**WORK REQUIRED:**
In the copy, every line of the material that follows must appear exactly, and no pictures should.

*** INFORMATION PROVIDED Section Begins ***

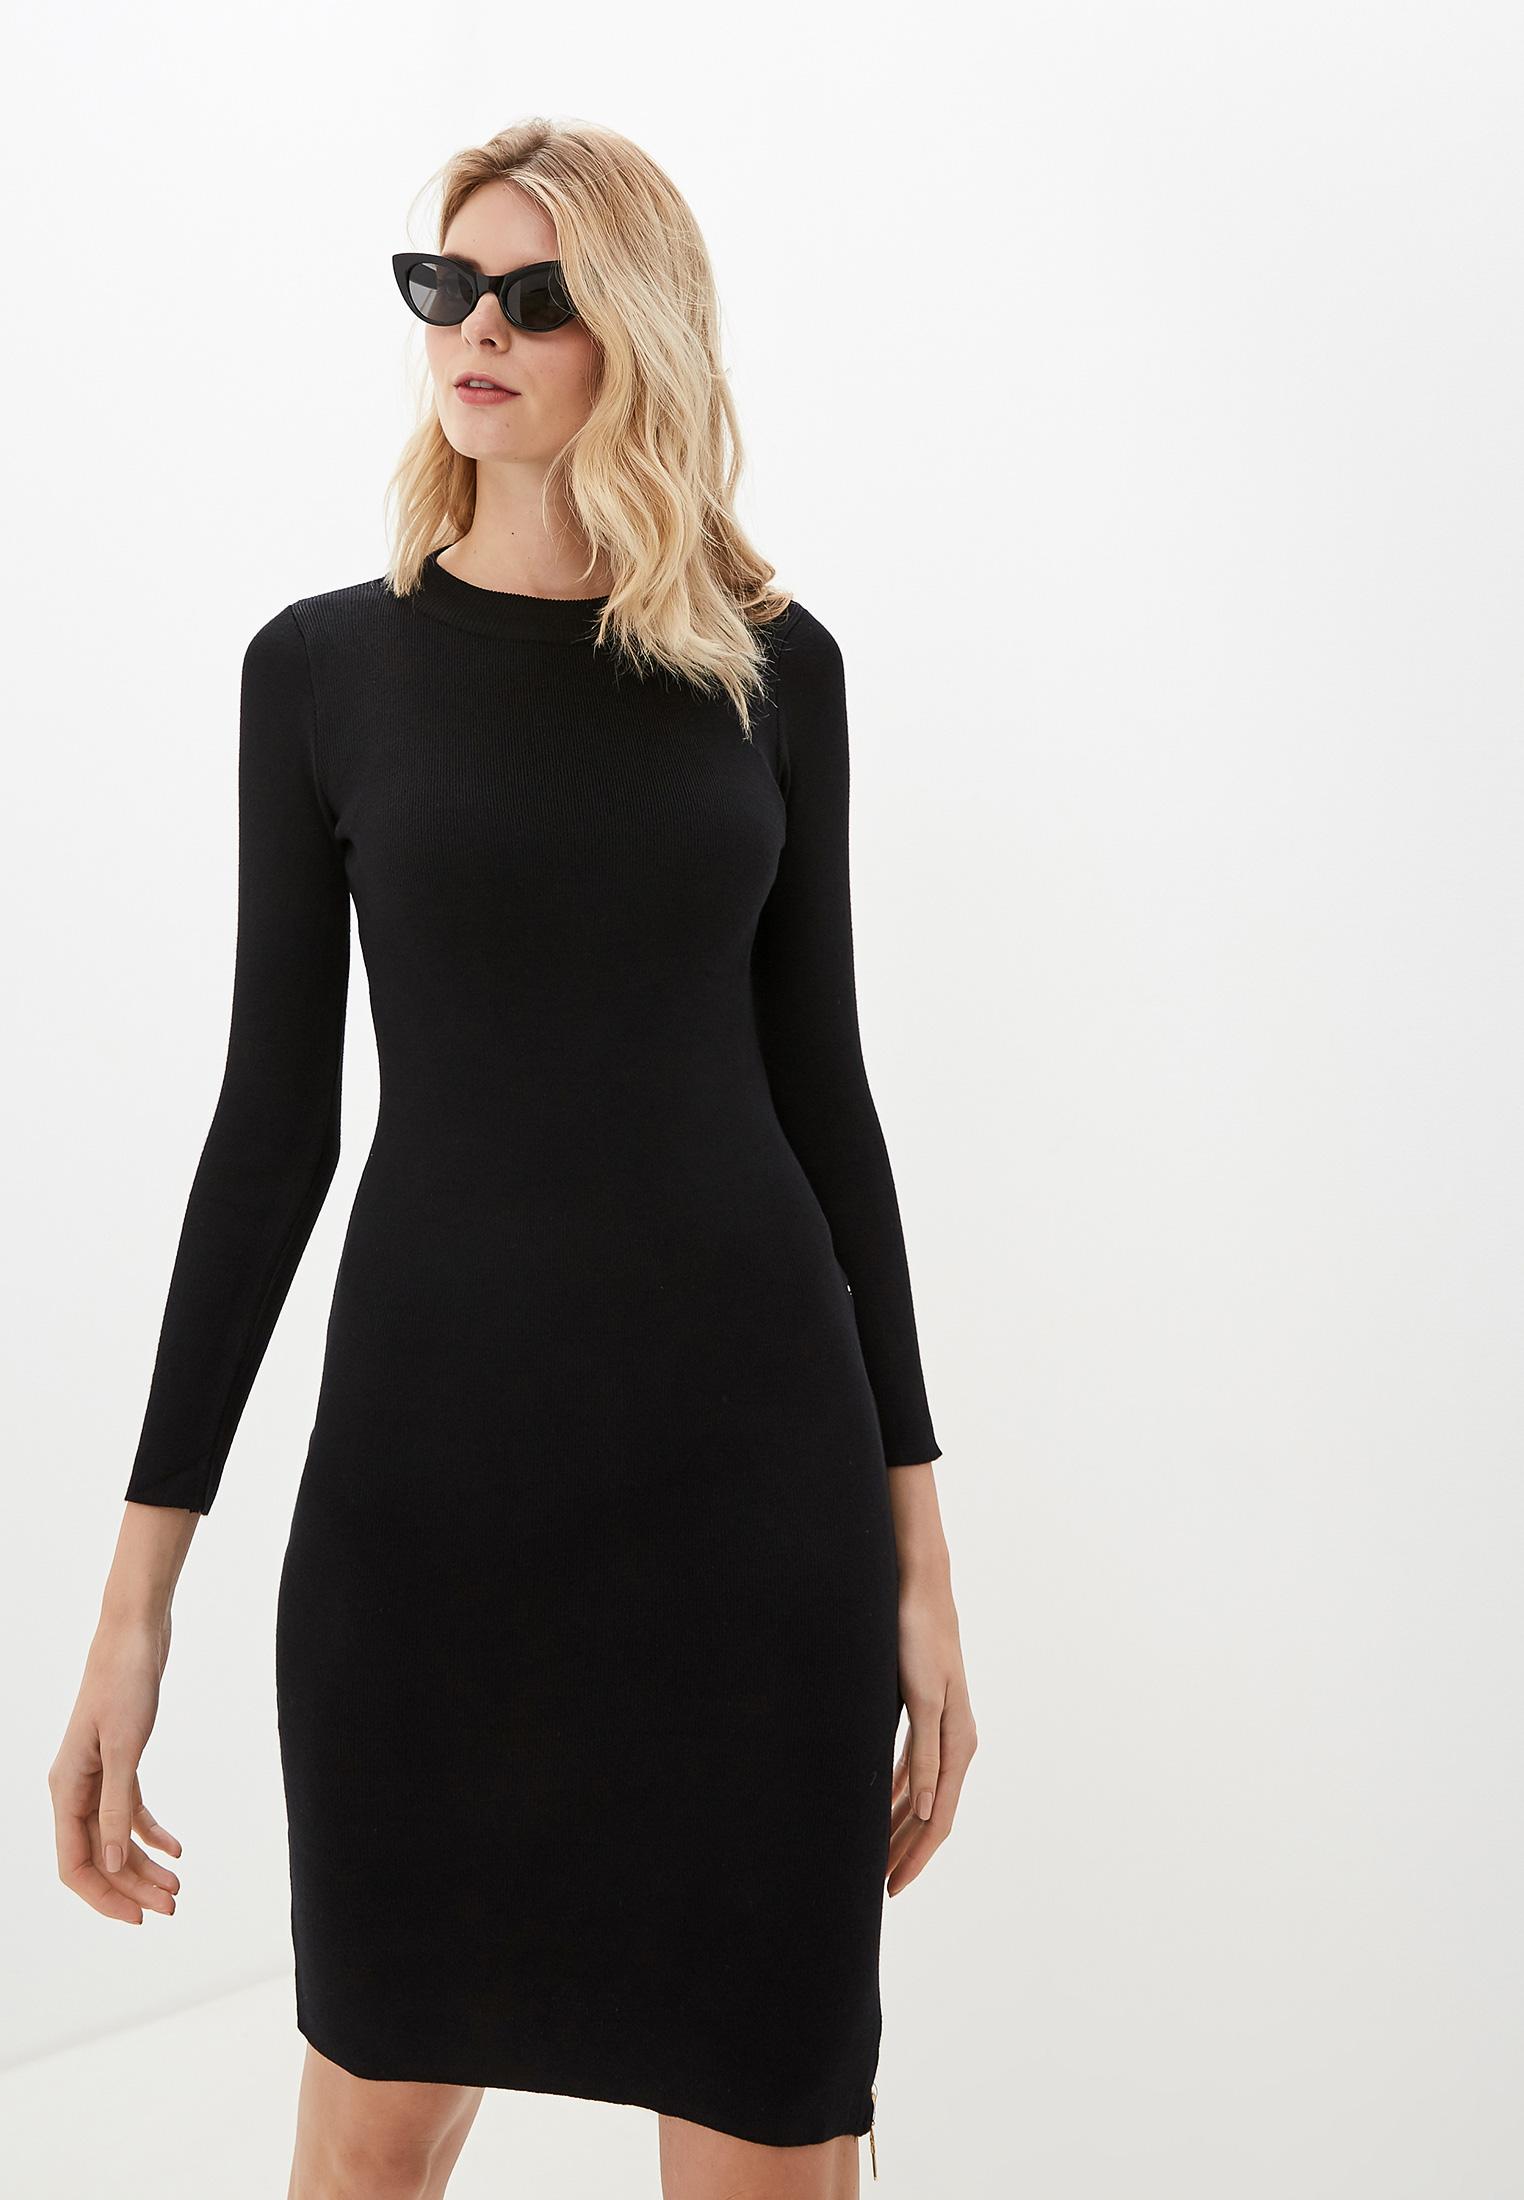 Вязаное платье Liana L324-1
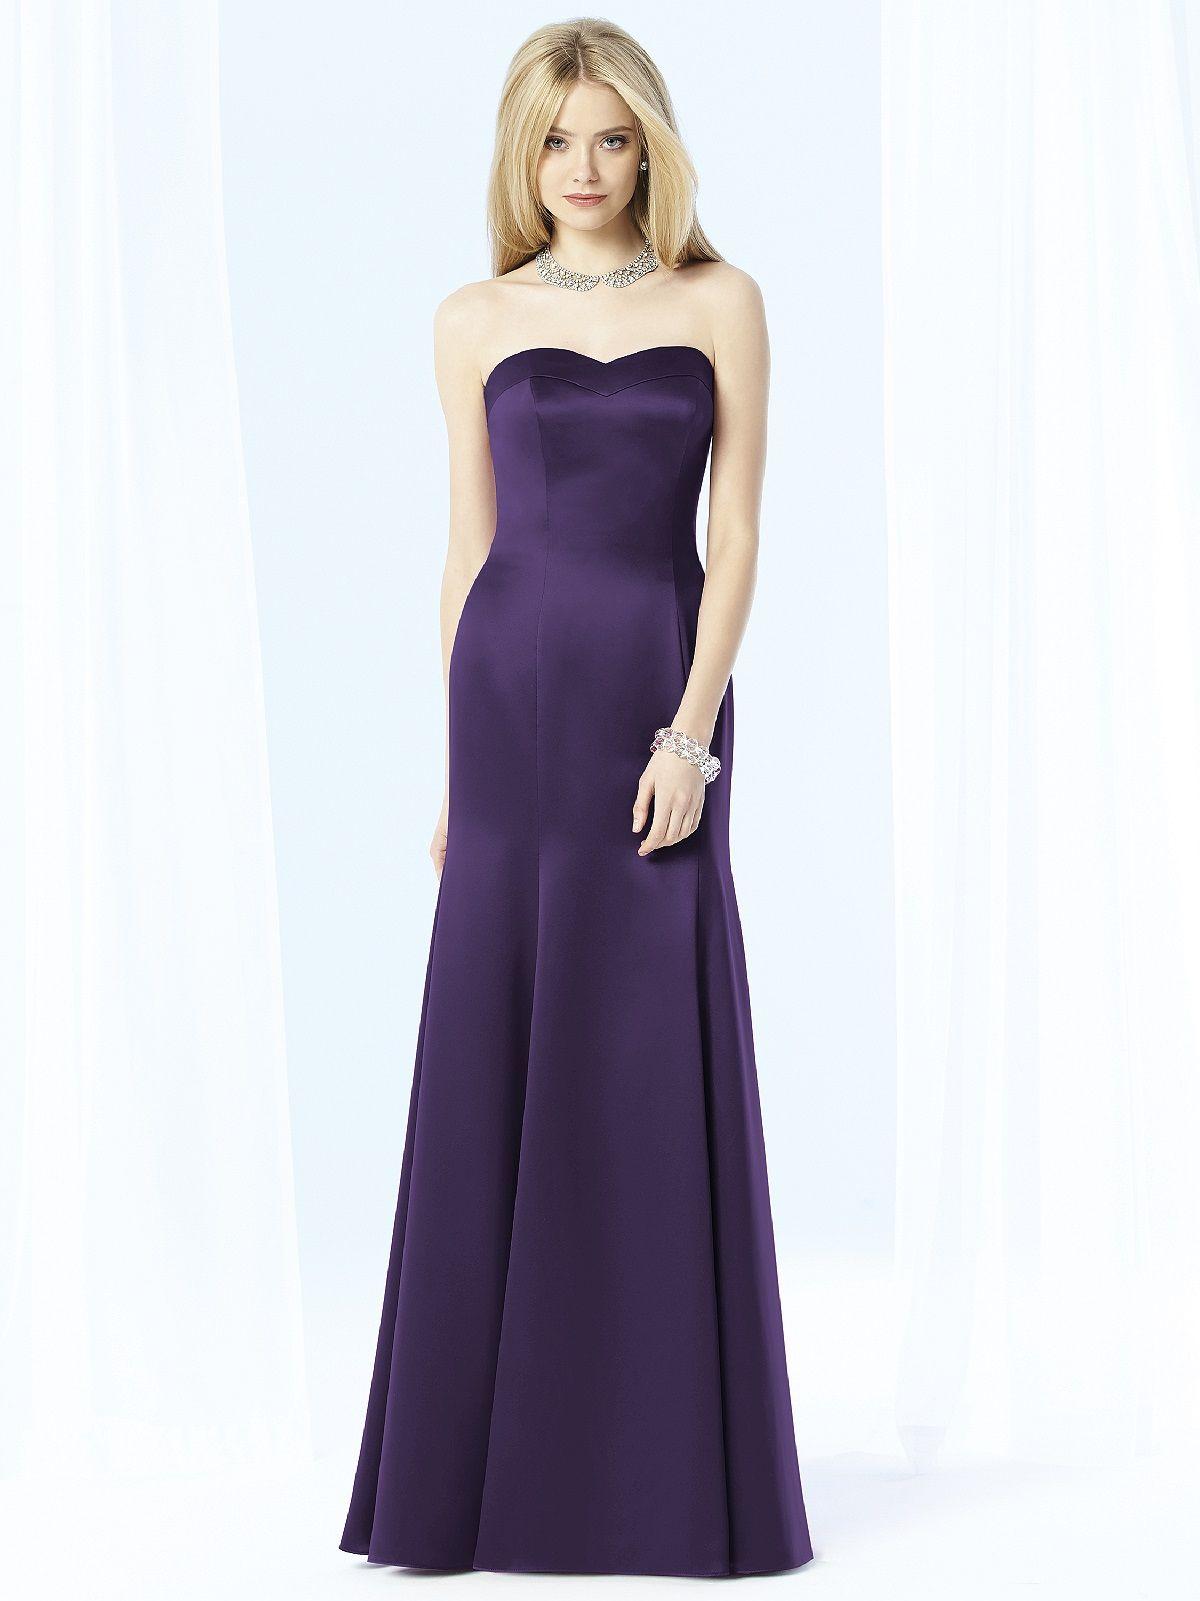 Encantador Modestos Vestidos De Dama De Reino Unido Cresta - Vestido ...
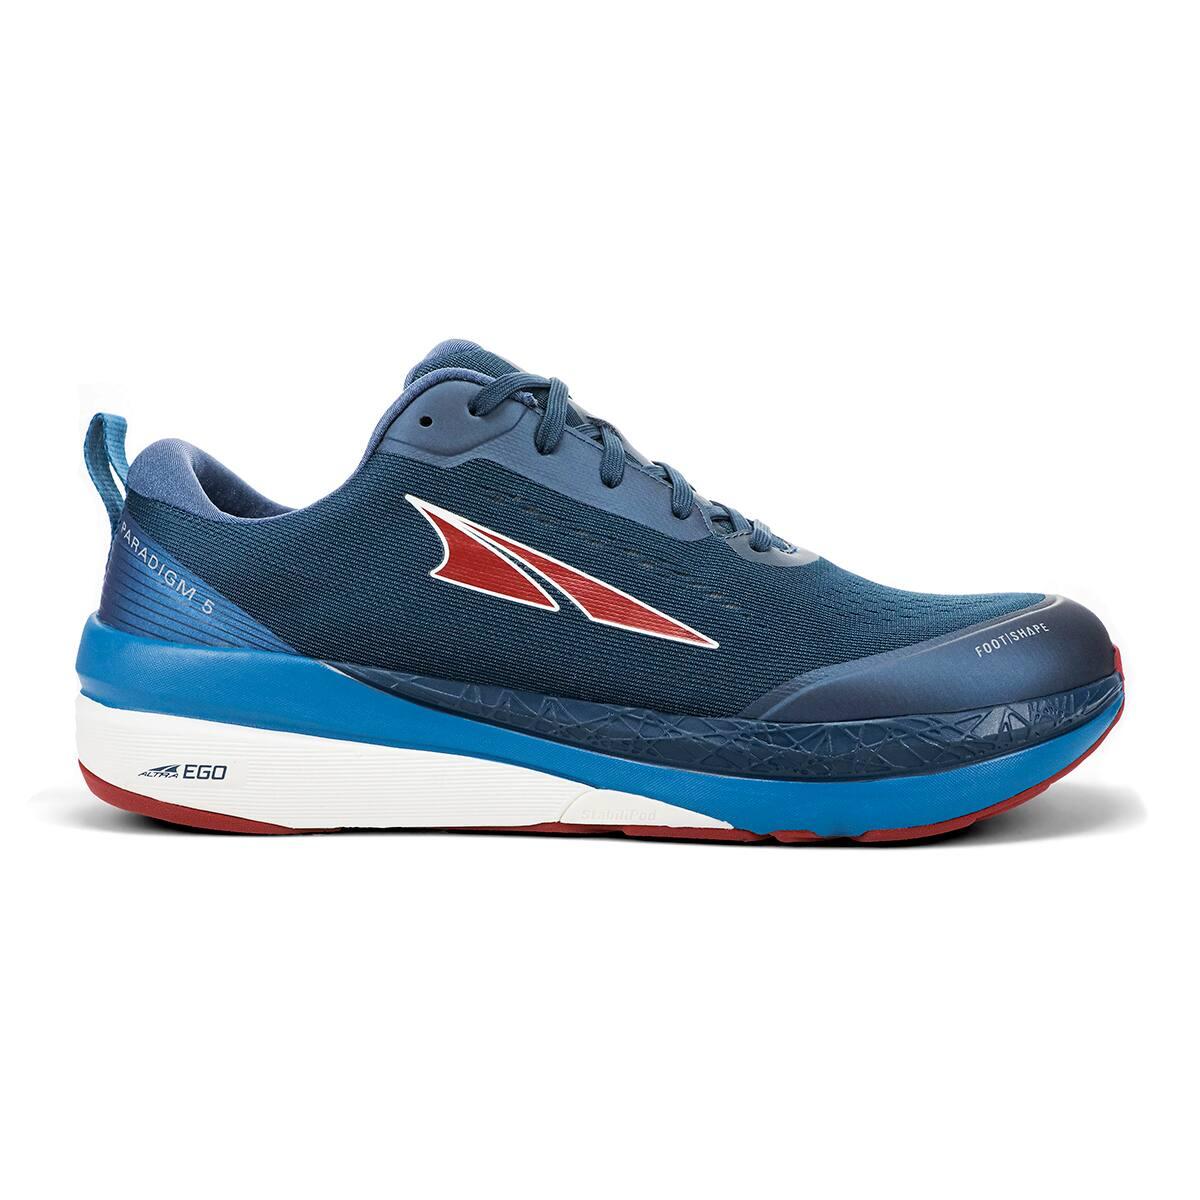 Altra Paradigm 5 Running Shoe (Select Colors) $74.97 + Free S/H at JackRabbit

*** INFORMATION PROVIDED Section Ends ***

**SOLUTION TO THE PROBLEM:**
 Вязаное платье Liana L324-1
 Encantador Modestos Vestidos De Dama De Reino Unido Cresta - Vestido ...
 Altra Paradigm 5 Running Shoe (Select Colors) $74.97 + Free S/H at JackRabbit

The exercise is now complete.